Яков кутался в одолженную у Петера волчью шубку и смотрел снизу вверх – на монаршую особу, императрикс Анну Ивановну, и, что скрывать – новая императрикс ему несомненно нравилась. Может, и не каноническая красавица, но высокий рост и сочетание черных волос с голубыми глазами – выигрышные карты при любой внешности. А привычка часто улыбаться и грациозная простота в обращении – доктор Ван Геделе теперь понимал, отчего не редеет очередь в императорские галанты. Пара фон Бюренов, муж и жена, стояли возле хозяйки, будто две вороны, повернувшие клювы в одну сторону – к цели, ну в точности как профили на парной античной гемме. Вид оба супруга имели надменный и потерянный. Императрица уговаривала ехать с горки красивую даму, дама, потупясь, отказывалась.

– Обер-гофмейстрина Лопухина, – прошептал Петер Якову на ухо и прибавил интимно: – Нати боится ехать.

Возле государыни возник, словно из-под земли, нарядный господинчик в пушистых мехах и что-то беззвучно проговорил ей в самое ухо. Анна рассмеялась, внезапно расцеловала смущенную даму и повелительно отстранила ее от ската.

– Она не может ехать, она брюхата, – машинально повторил Яков беззвучные слова пушистого щеголя. Он как-то забыл, что рядом с ним не де Лион его, а всего лишь кузен Петичка.

– Ты что, читаешь по губам? – восторженно изумился Петер. – Говорят, Нати и в самом деле в тяжести…

– Мой де Лион успел научить меня, – смущенно признался Яков. – Это бывает полезно.

Наверху, на горке, щеголь в шубе обошел кругом пустующие санки и кокетливо и невинно пригласил с балетным полупоклоном саму императрикс – мол, садитесь.
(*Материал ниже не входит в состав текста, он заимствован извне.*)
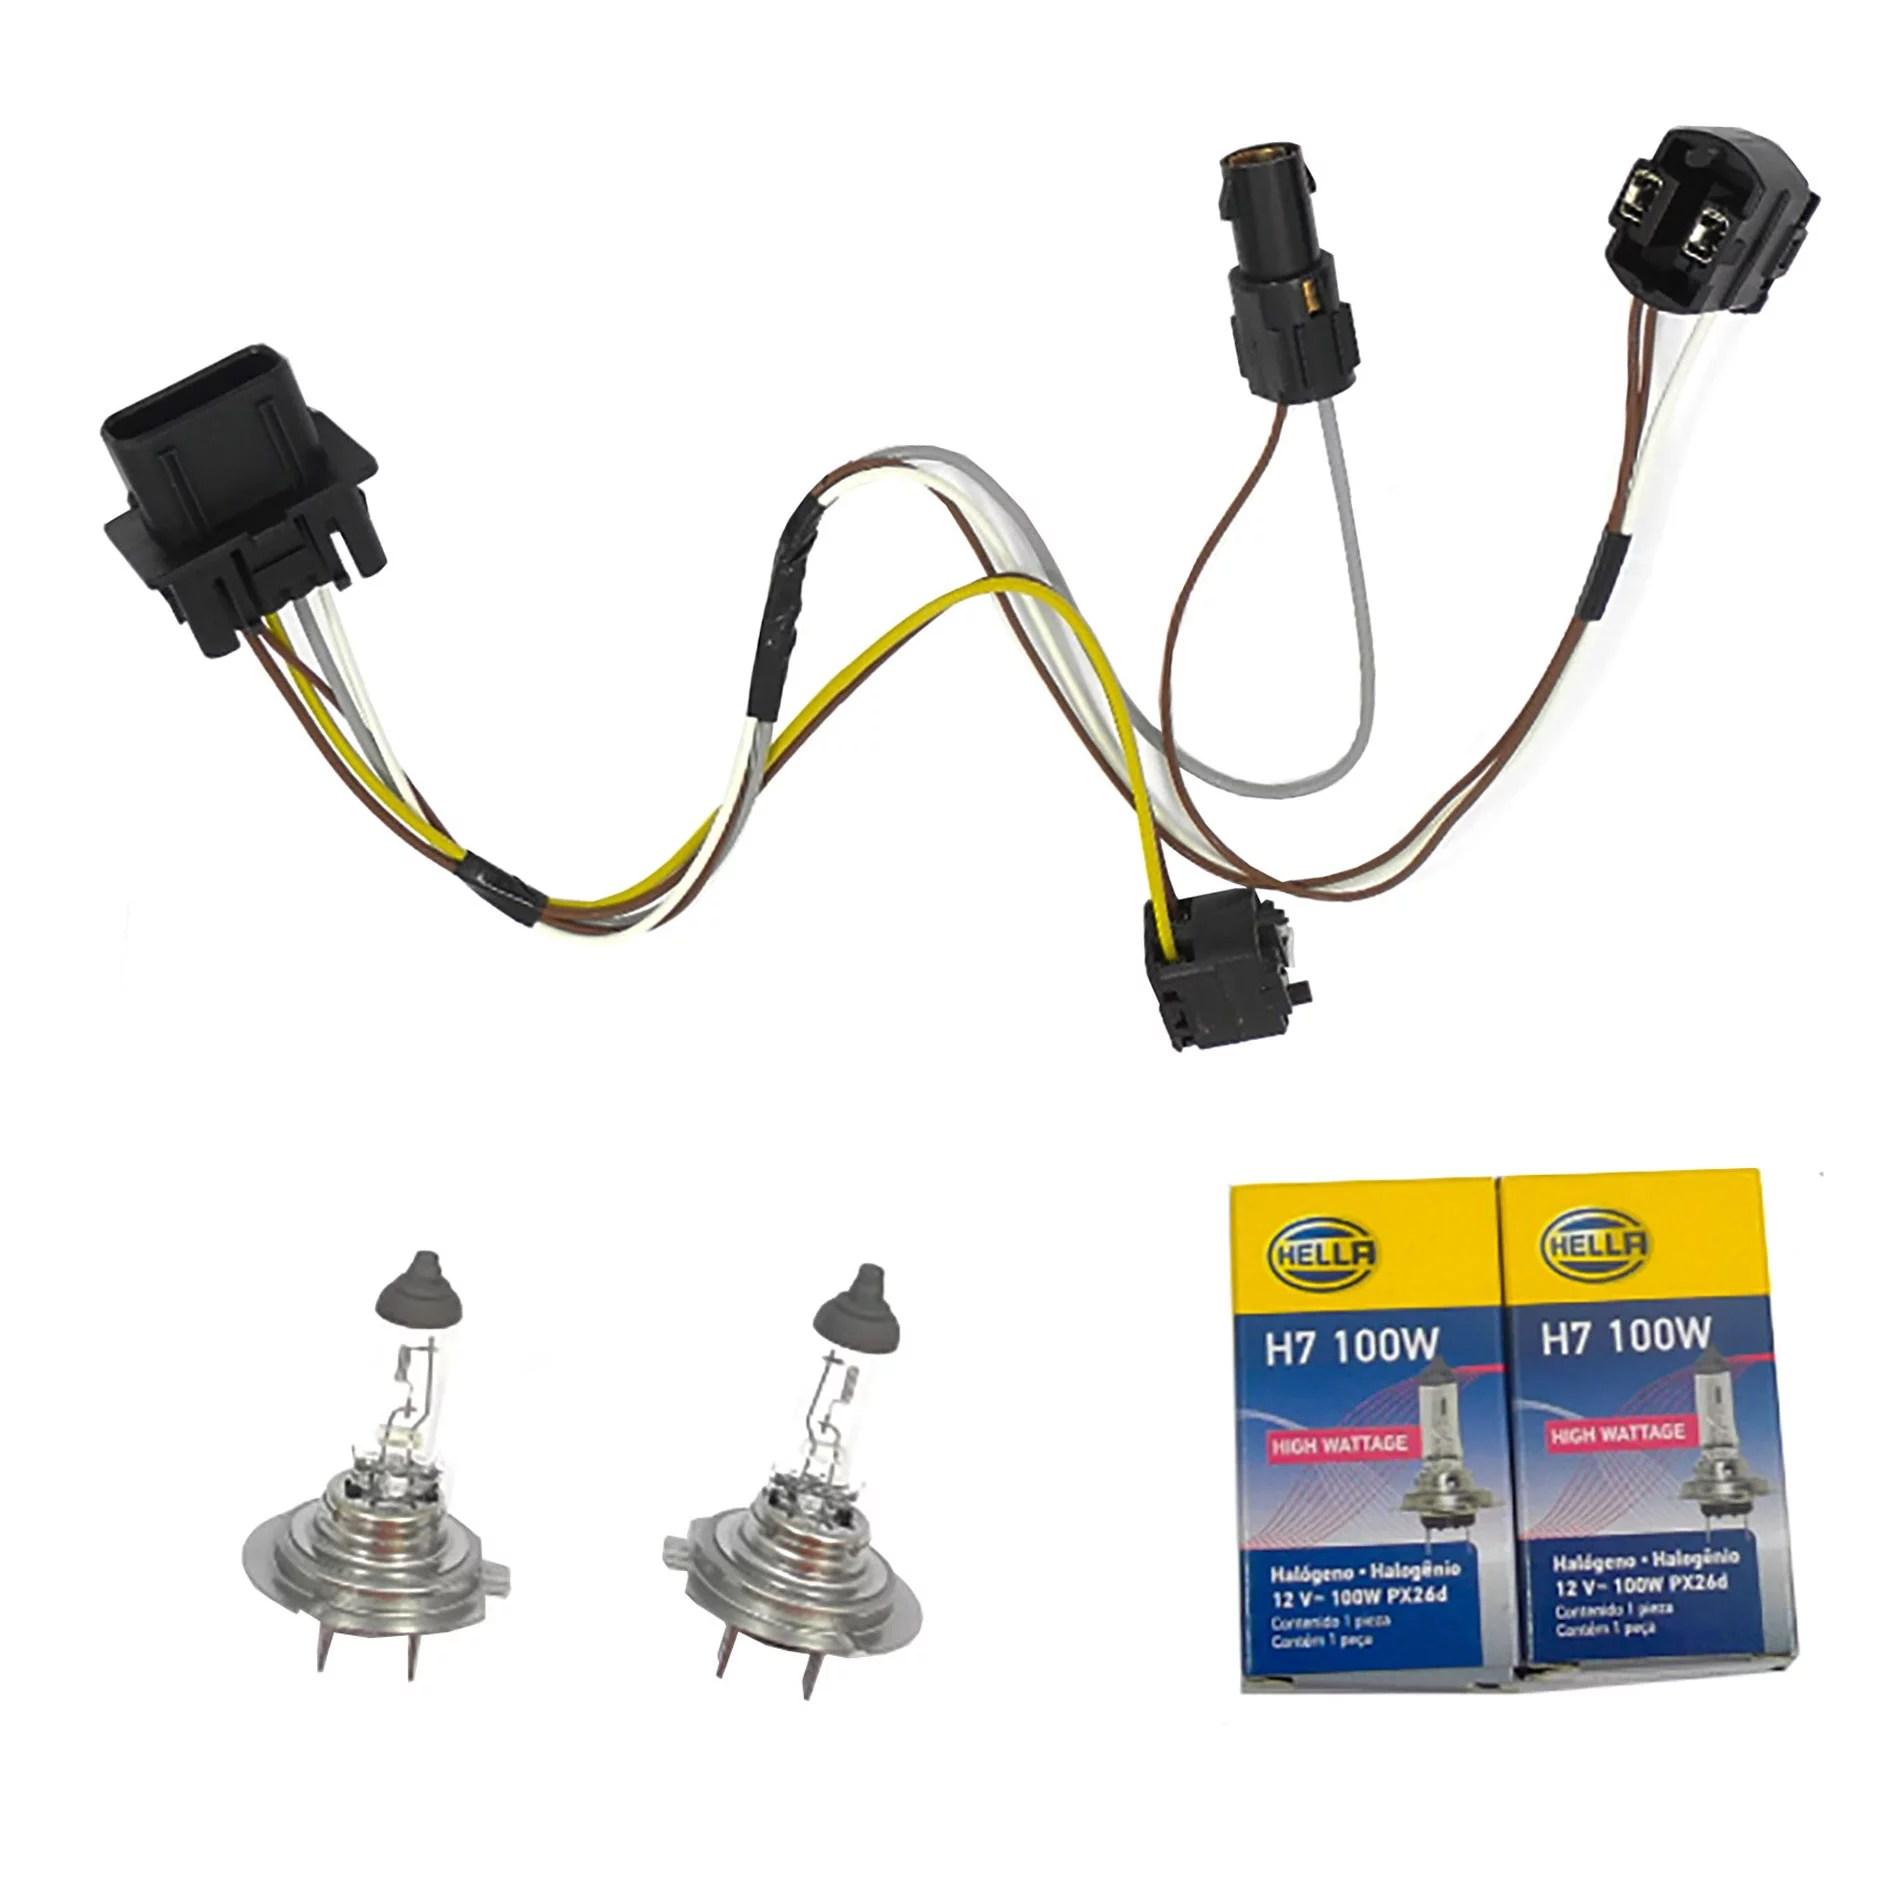 cf advance for 96 03 mercedes benz e300 e320 e420 e430 e500 e55 amg 1997 mercedes e320 problems 1997 mercedes e320 headlight wiring harness [ 1900 x 1900 Pixel ]

Та зарделась – смуглым, почти терракотовым румянцем, ласково поманила искусителя к себе и что-то такое прошептала ему – лицо щеголя не изменилось, но накрашенные его глаза приоткрылись чуть шире.

– Что такое она ему сказала? – тут же пристал любопытный Петер.

– Не понял, не видно было, – соврал Яков. Пусть и разобрал он слова – передавать их Петеру было бы подло, довольно того, что по глупости он уже выдал красавицу-гофмейстрину. – А кто – он?

– Этот малый тут главный, это церемониймейстер, обер-гофмаршал, – Петер поднял брови и закатил многозначительно глаза – мол, посчитай и этого галанта. – Рейнгольд фон Левенвольде.

– Ничего себе, – Якову весьма понравилось сложносочиненное галантское имя. – О, глянь, какой лев! Тут можешь и не закатывать глаза, я сам обо всем догадался.

На балкон ступил и в самом деле настоящий светский лев, и все мгновенно оборотились к нему, и сама императрикс, и свита, и два бюренских синхронных супружеских клюва.

Господин сей стоил и внимания, и восхищения – тонкий в талии, с гордой осанкой военного и с головой, занесенной высоко – будто у принца крови. У него и профиль был – из тех, что бьют на монетах, и усмешка змеи, и глаза змеи – узкие, длинные, злые. Он поцеловал царскую ручку – и сама императрикс, прежде державшаяся с ясной веселостью, вдруг затрепетала от его поцелуя. Так солнце, выходя, гасит звезды, нет, так затмение – вдруг гасит солнце…

 

– Ландрат приехал, – прошептал с придыханием Петер. – Все, теперь все подвинутся, а нашего Корфа и вовсе зашлют – далеко и надолго, дай бог, если обратно на Митаву. Солнышко наше взошло…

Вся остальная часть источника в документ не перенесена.